Nagdaha is a census town in Barrackpore I CD Block of Barrackpore subdivision in North 24 Parganas district in the Indian state of West Bengal. It is a part of Kolkata Urban Agglomeration.

Geography

Location
Palladaha, Nagdaha, Palashi and Srotribati (OG) form an urban cluster east of Kanchrapara. Jetia, Nanna (OG) and Chakla (OG) form another urban cluster south of Kanchrapara.

96% of the population of Barrackpore subdivision (partly presented in the map alongside) live in urban areas. In 2011, it had a density of population of 10,967 per km2 The subdivision has 16 municipalities and 24 census towns.

For most of the cities/ towns information regarding density of population is available in the Infobox. Population data is not available for neighbourhoods. It is available for the entire municipal area and thereafter ward-wise.

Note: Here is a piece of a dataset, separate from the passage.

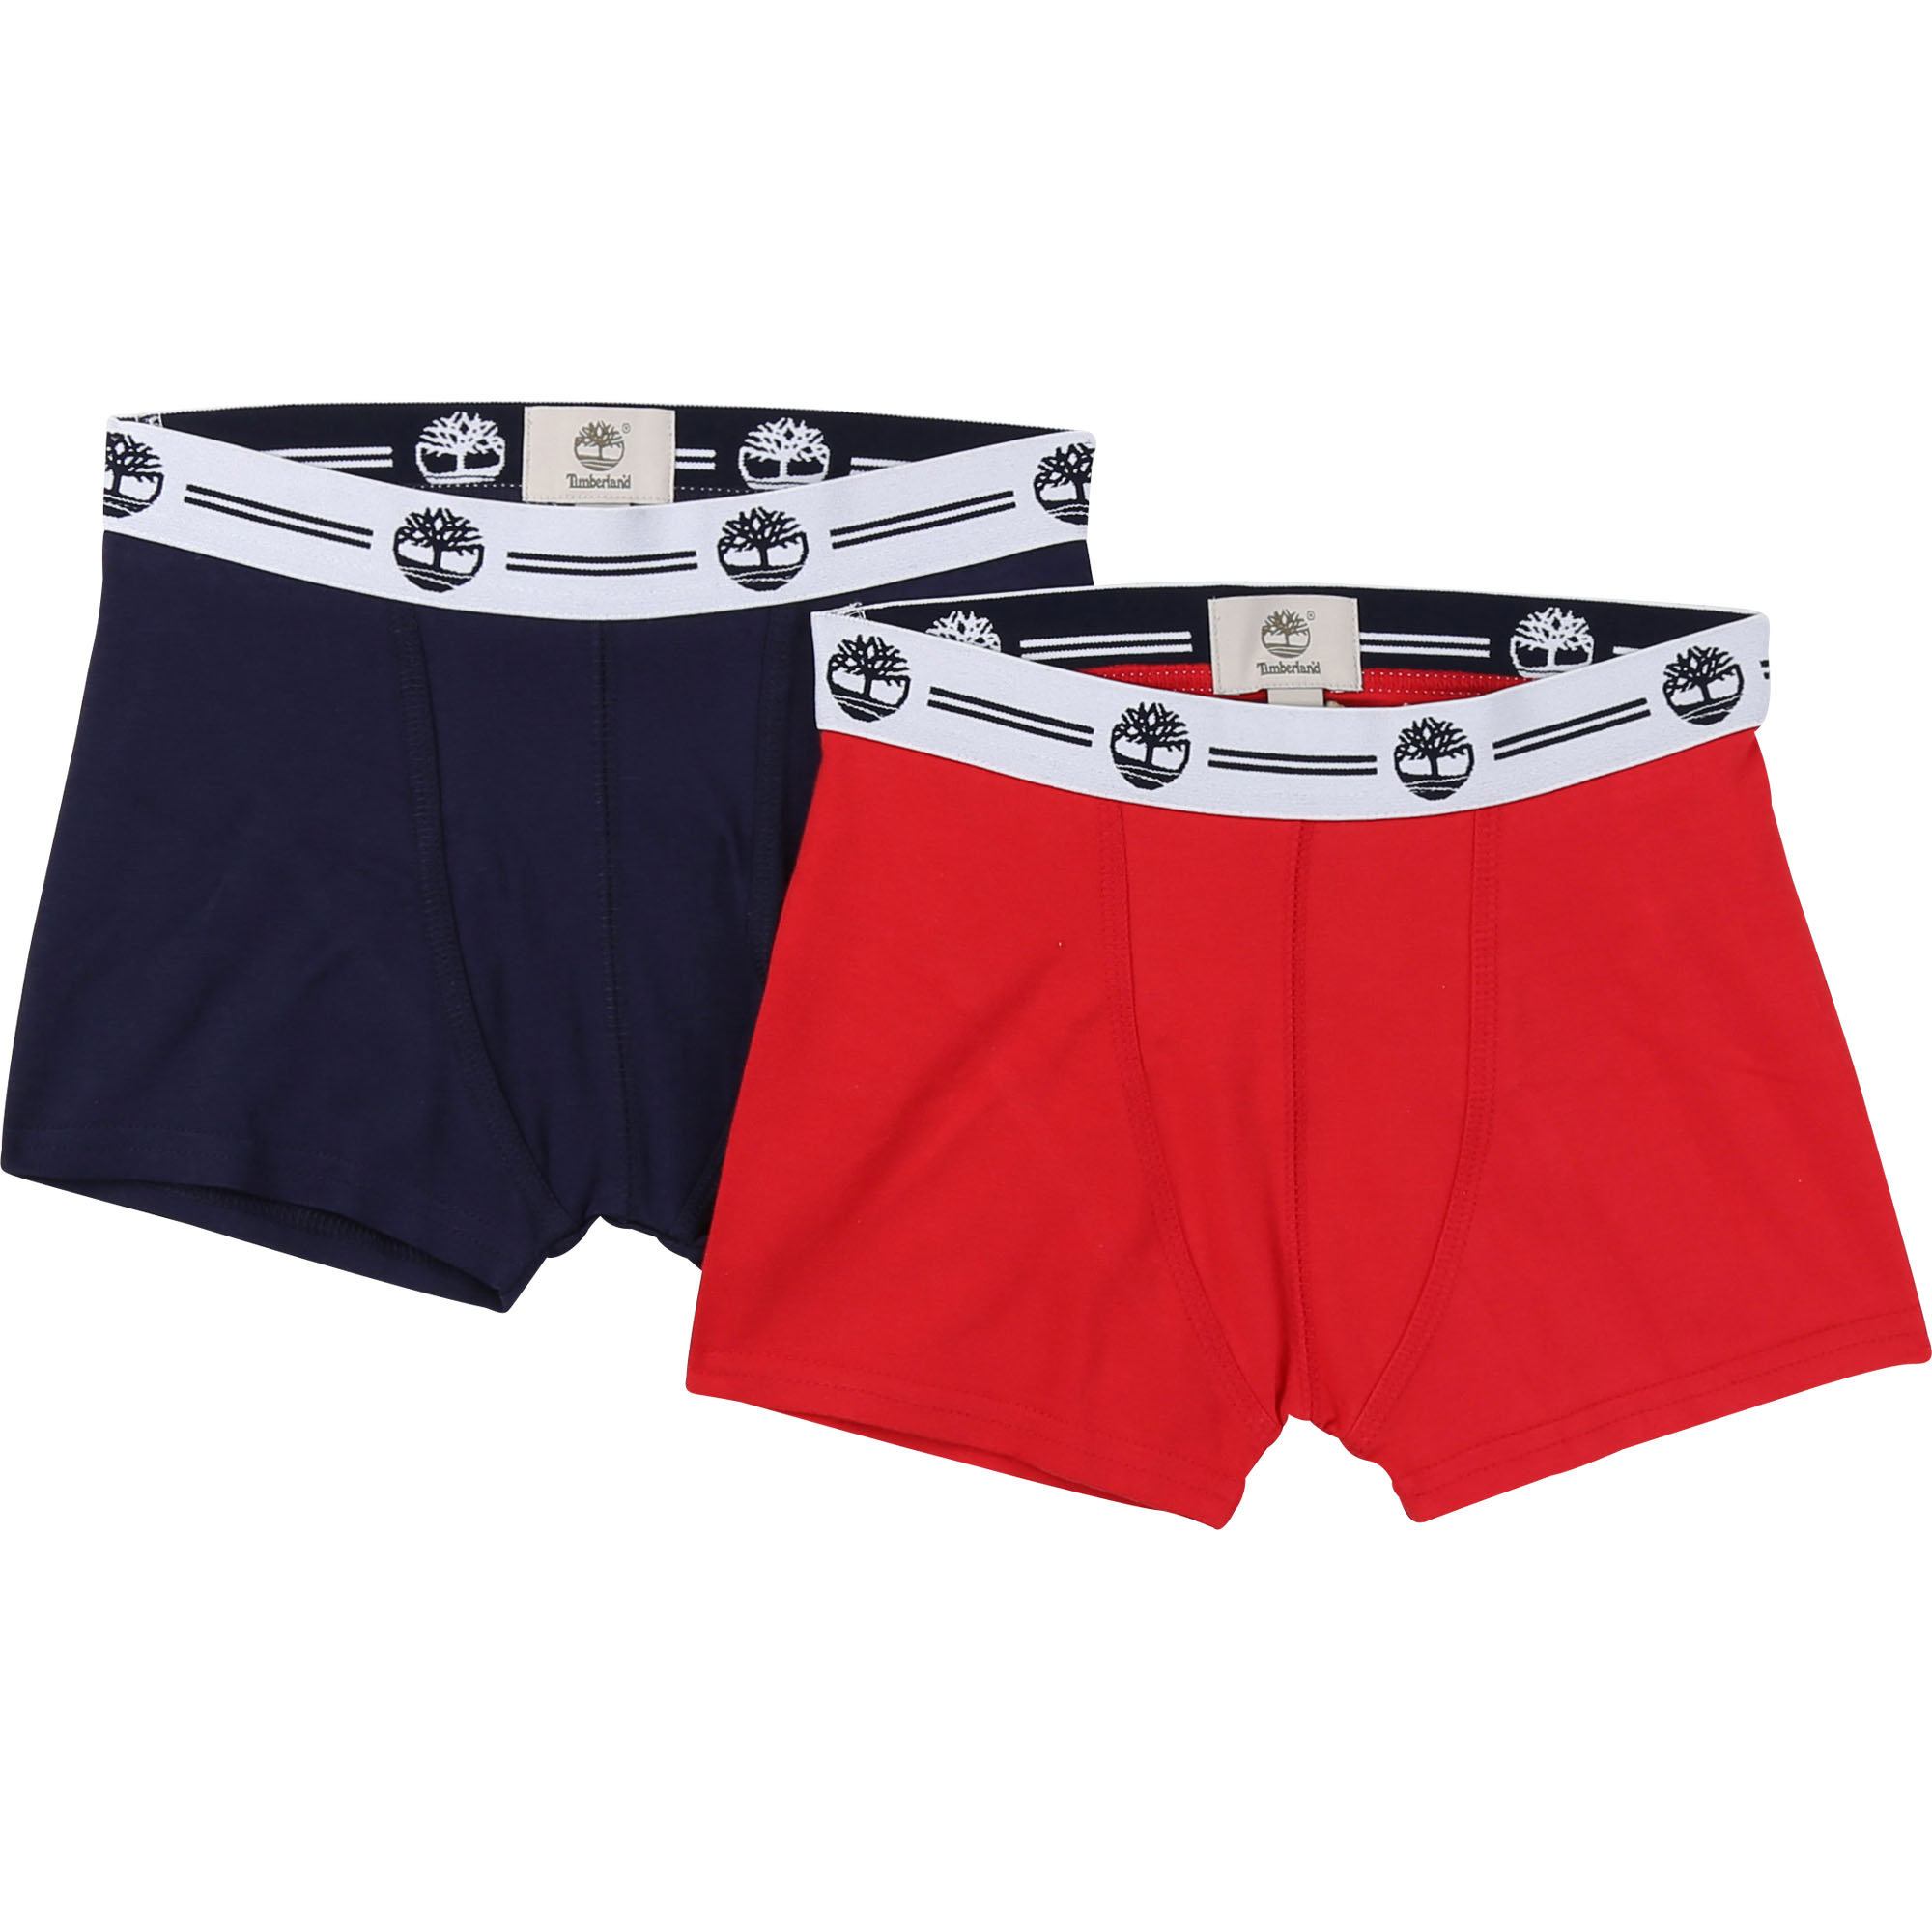 Lot de 2 boxers en jersey TIMBERLAND ENFANT GARCON Rouge
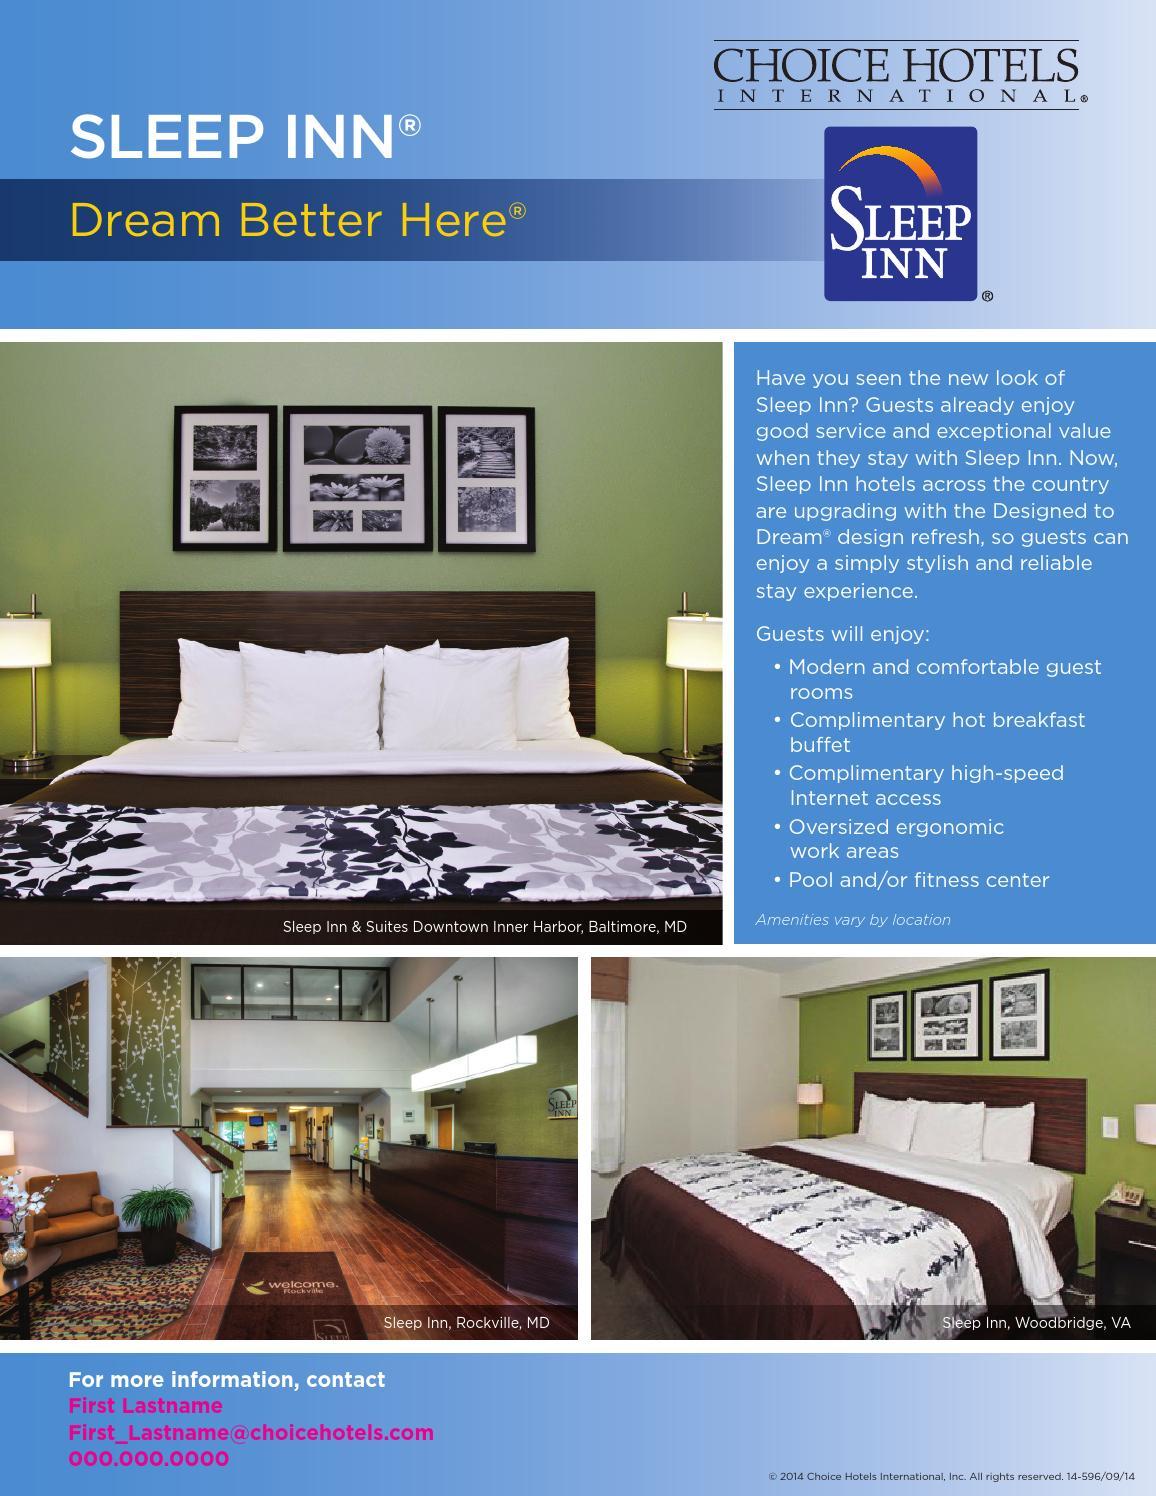 Sleep Inn Brand Dc Metropolitan Area By Choice Hotels International Issuu

All places marked on the map are linked in the full-screen map.

Police station
Naihati police station under Barrackpore Police Commissionerate has jurisdiction over Naihati municipal area and Barrackpore I CD Block, including Barrackpur Cantonment Board.

Demographics
As of the 2011 Census of India, Nagdaha had a population of 8,192; of this, 4,167 are male, 4,025 female. It has an average literacy rate of 76.7%, higher than the national average of 74.04%.

Infrastructure
As per the District Census Handbook 2011, Nagdaha covered an area of 3.0654 km2. Amongst the medical facilities it had was a health centre/ dispensary. Amongst the educational facilities It had were 3 primary schools, and the nearest middle school, secondary school and senior secondary schools were available 3 km away at Palashi.

Transport
Nagdaha is on the Kanchrapara-Haringhata Road.

The nearest railway station is Kanchrapara railway station.

Healthcare
The North 24 Parganas district has been identified as one of the areas where ground water is affected by arsenic contamination.